> [DATASET CONTENT]:
=====

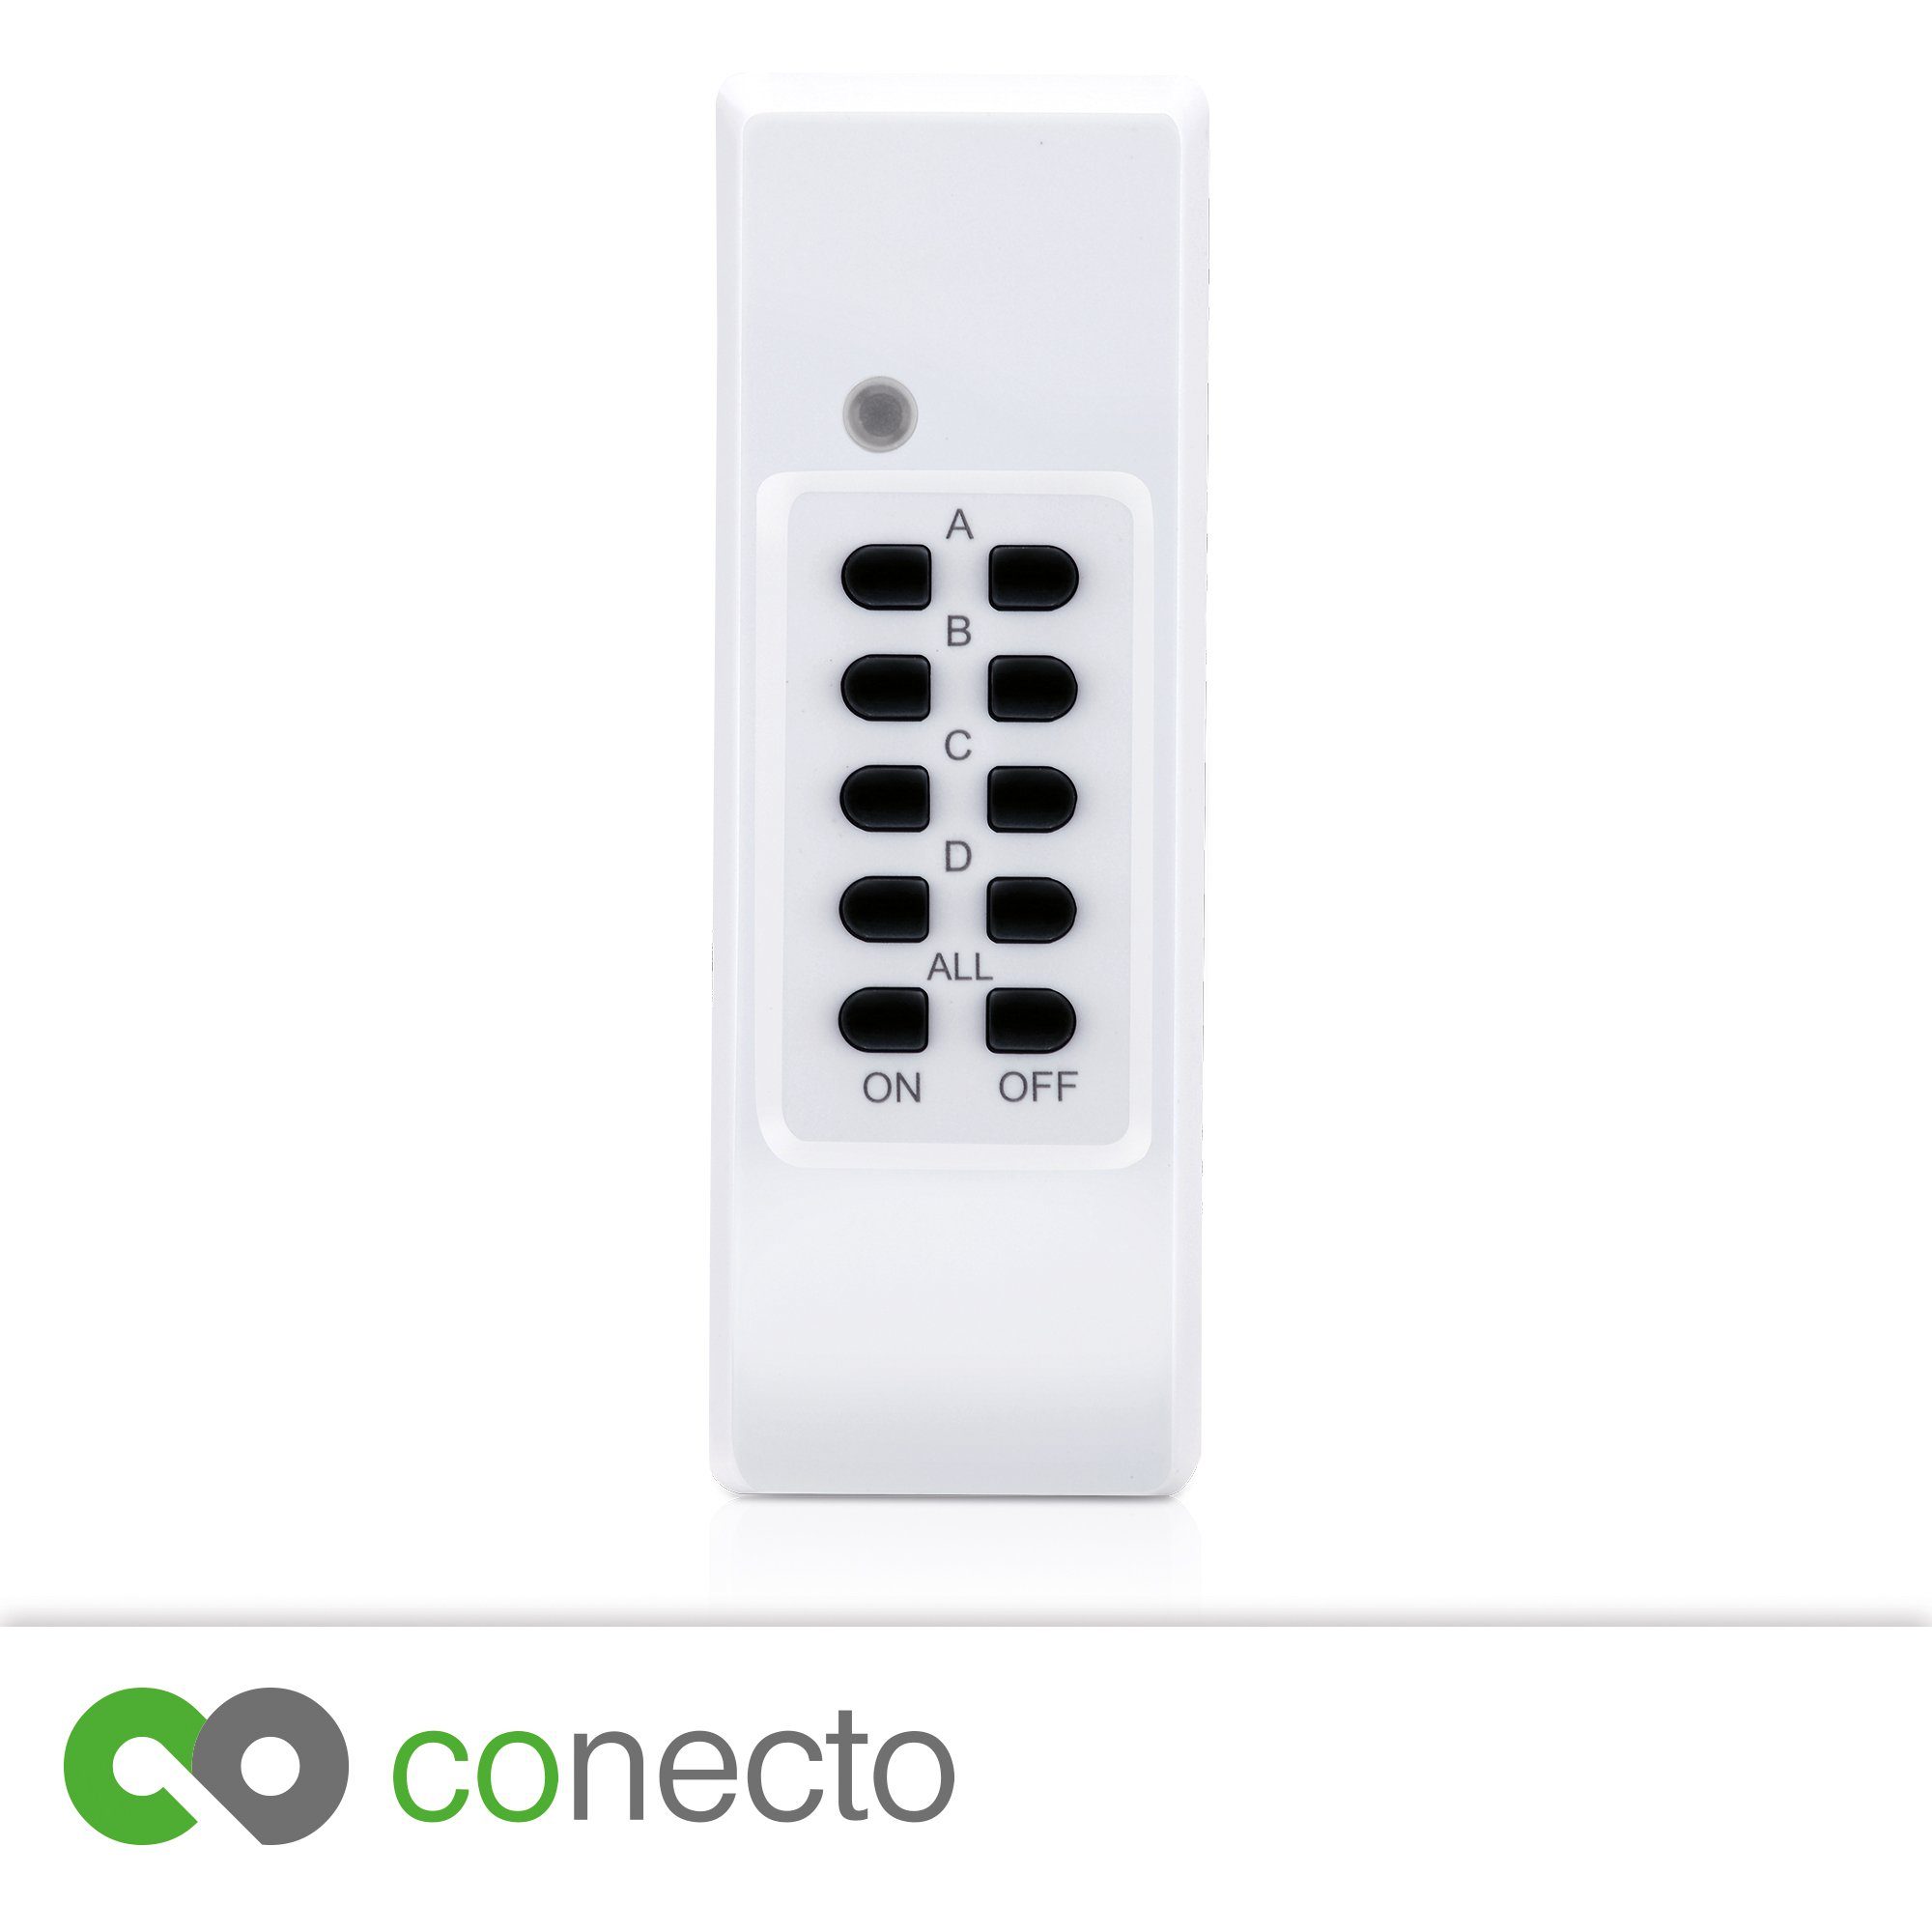 Starterkit conecto Außenbereich für Funksteckdose IP44 Funksteckdosen Set Komplett conecto
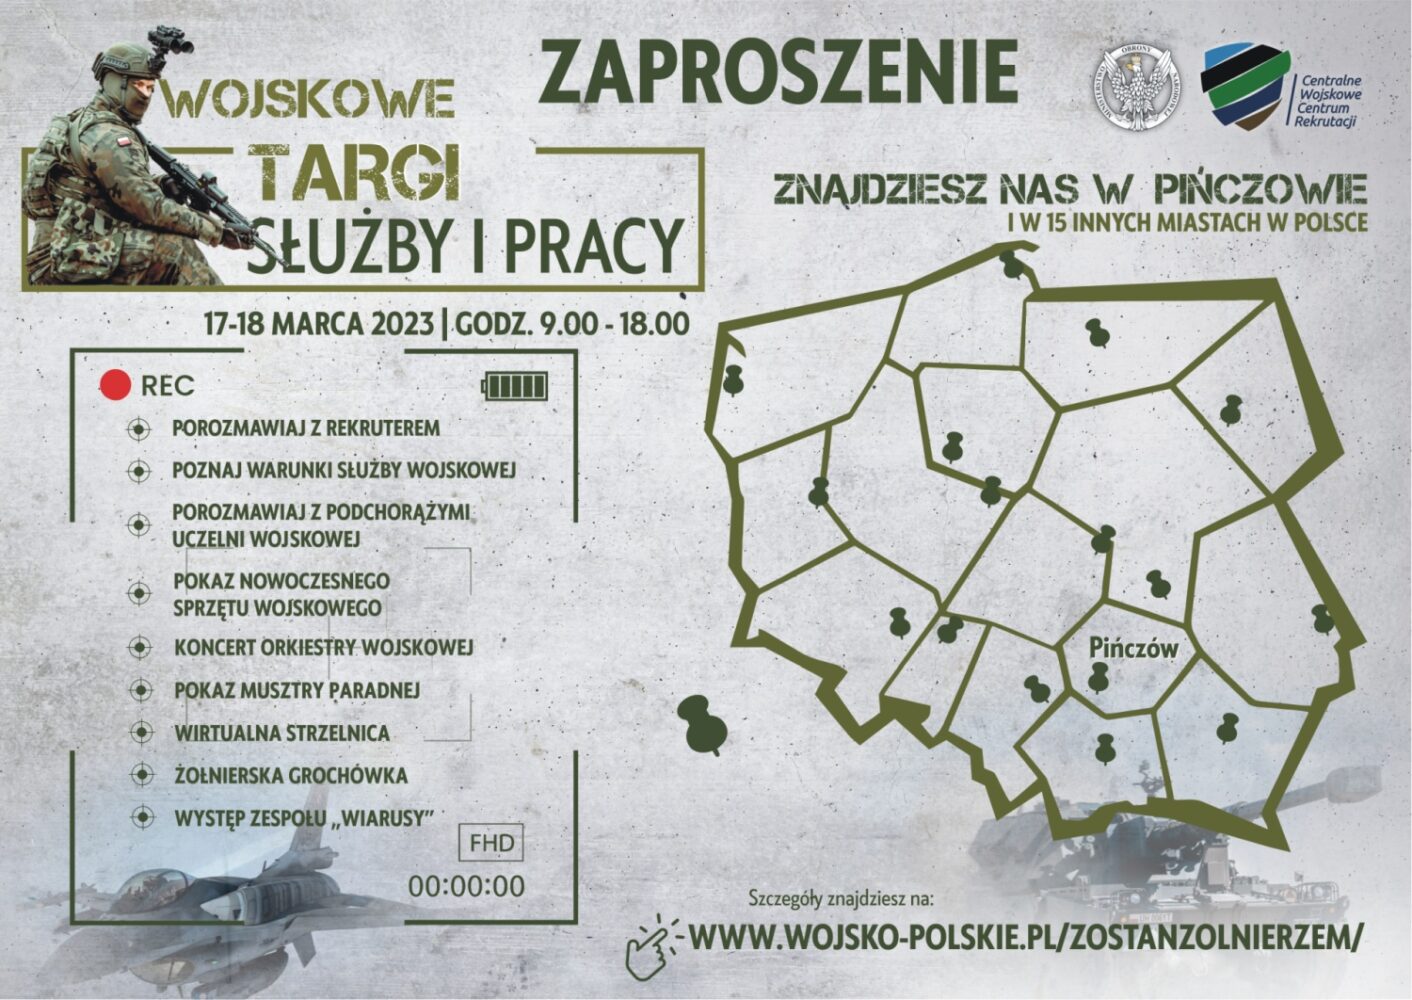 Zaproszenie na Wojskowe Targi Służby i Pracy, 17-18 marca 2023, Pińczów
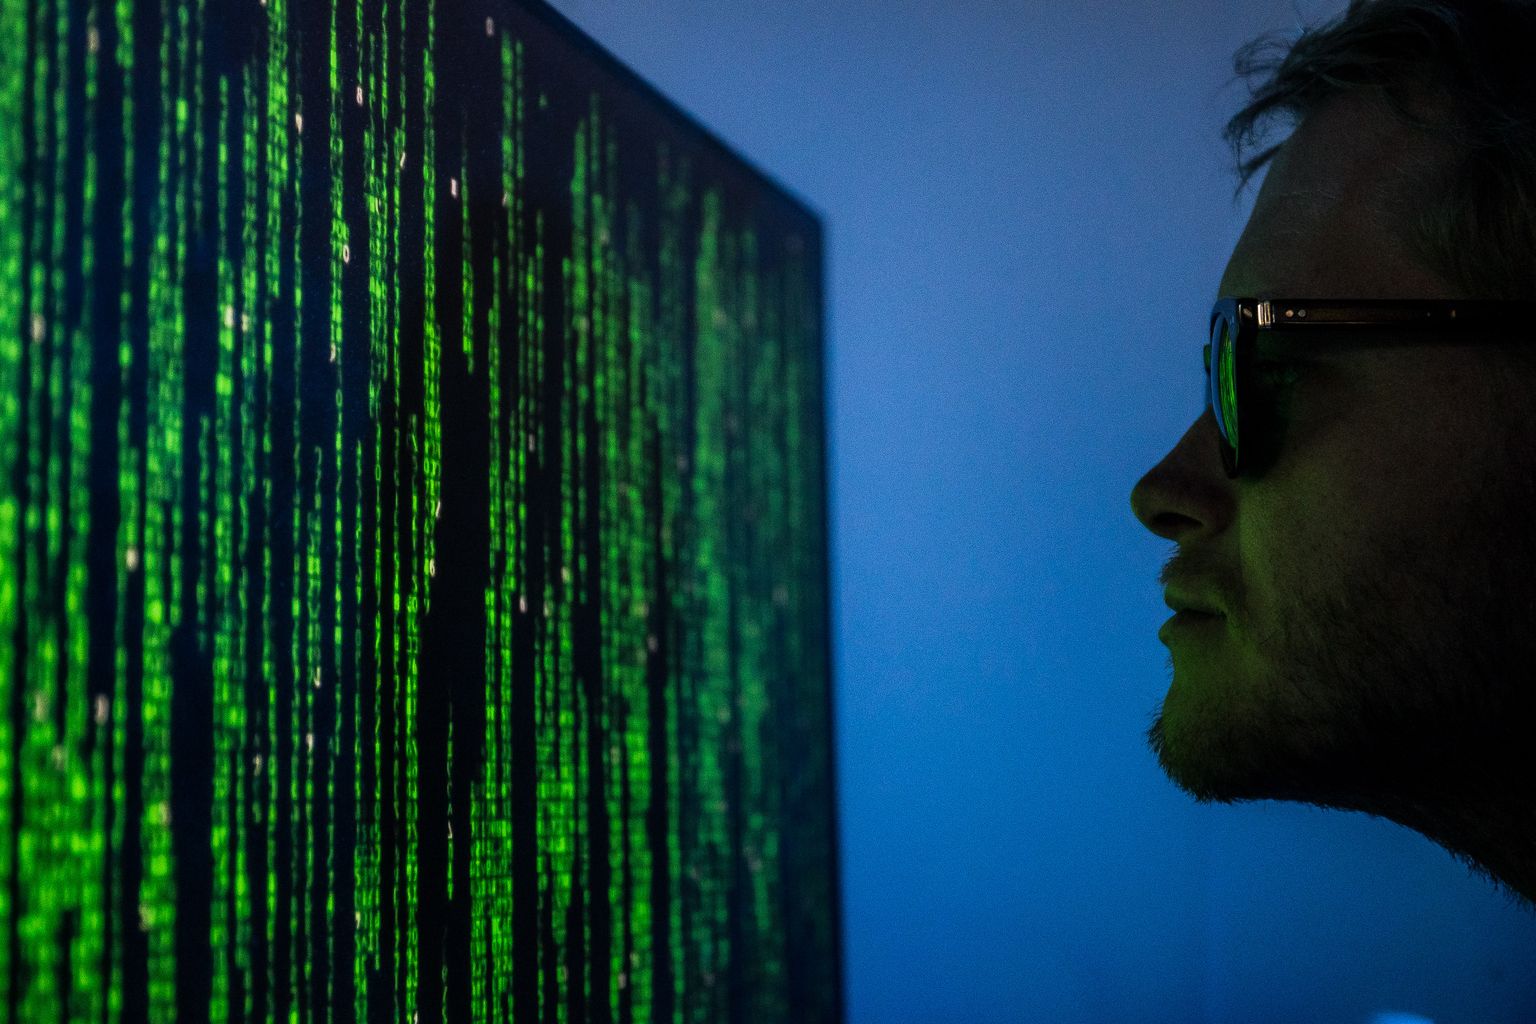 Людей часто склоняют к тому, чтобы загружать на свои компьютеры различные программы, с помощью которых злоумышленники могут получить личные данные человека, в том числе его банковские пароли и PIN-коды.
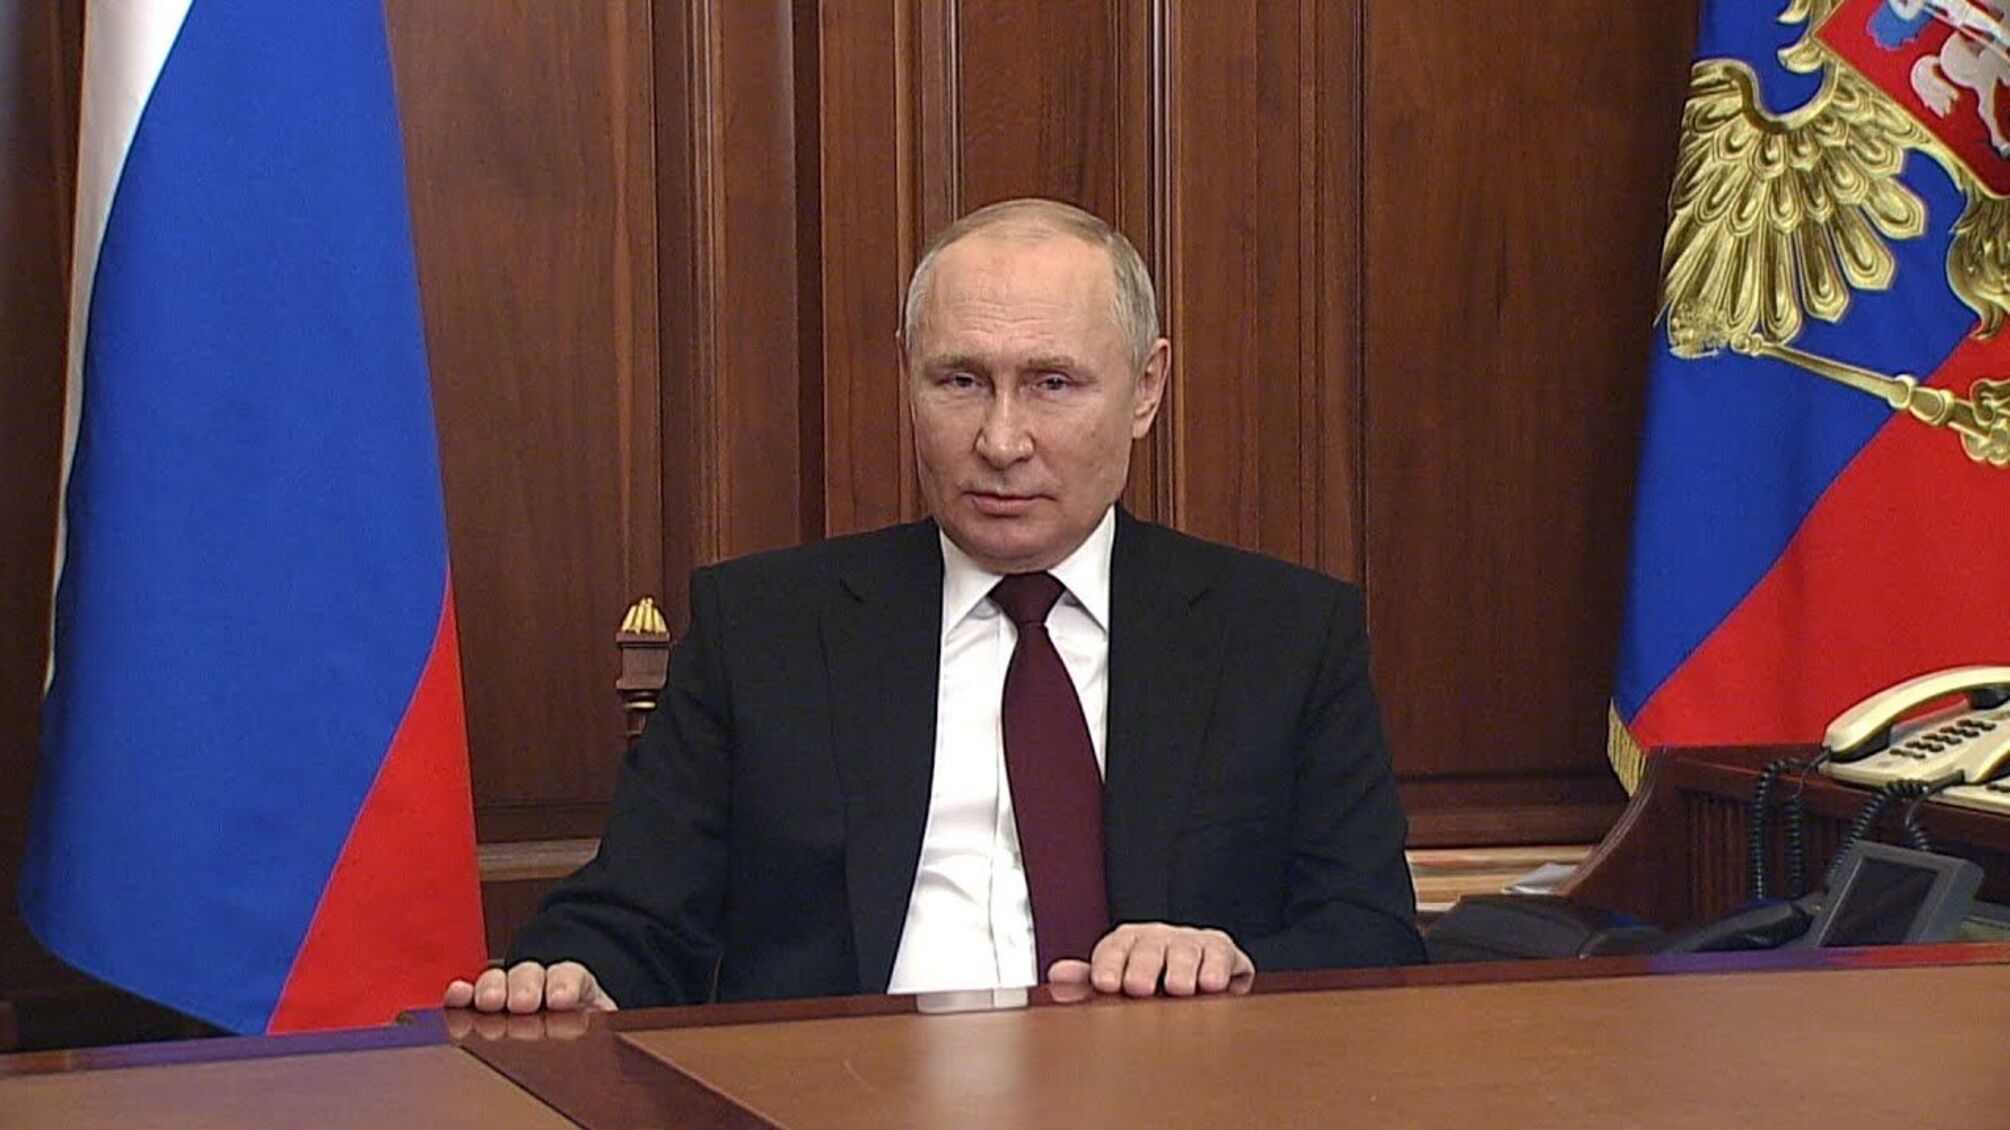 Путин выступил на экономическом форуме в Петербурге: подборка высказываний

=====

> [TASK DETAILS]: Restate the listing above word for word, and skip the pictures.

> [SOLUTION FOR THIS TASK]:
 Starterkit conecto Außenbereich für Funksteckdose IP44 Funksteckdosen Set Komplett conecto
 Zaproszenie na Wojskowe Targi Służby i Pracy, 17-18 marca 2023, Pińczów
 Людей часто склоняют к тому, чтобы загружать на свои компьютеры различные программы, с помощью которых злоумышленники могут получить личные данные человека, в том числе его банковские пароли и PIN-коды.
 Путин выступил на экономическом форуме в Петербурге: подборка высказываний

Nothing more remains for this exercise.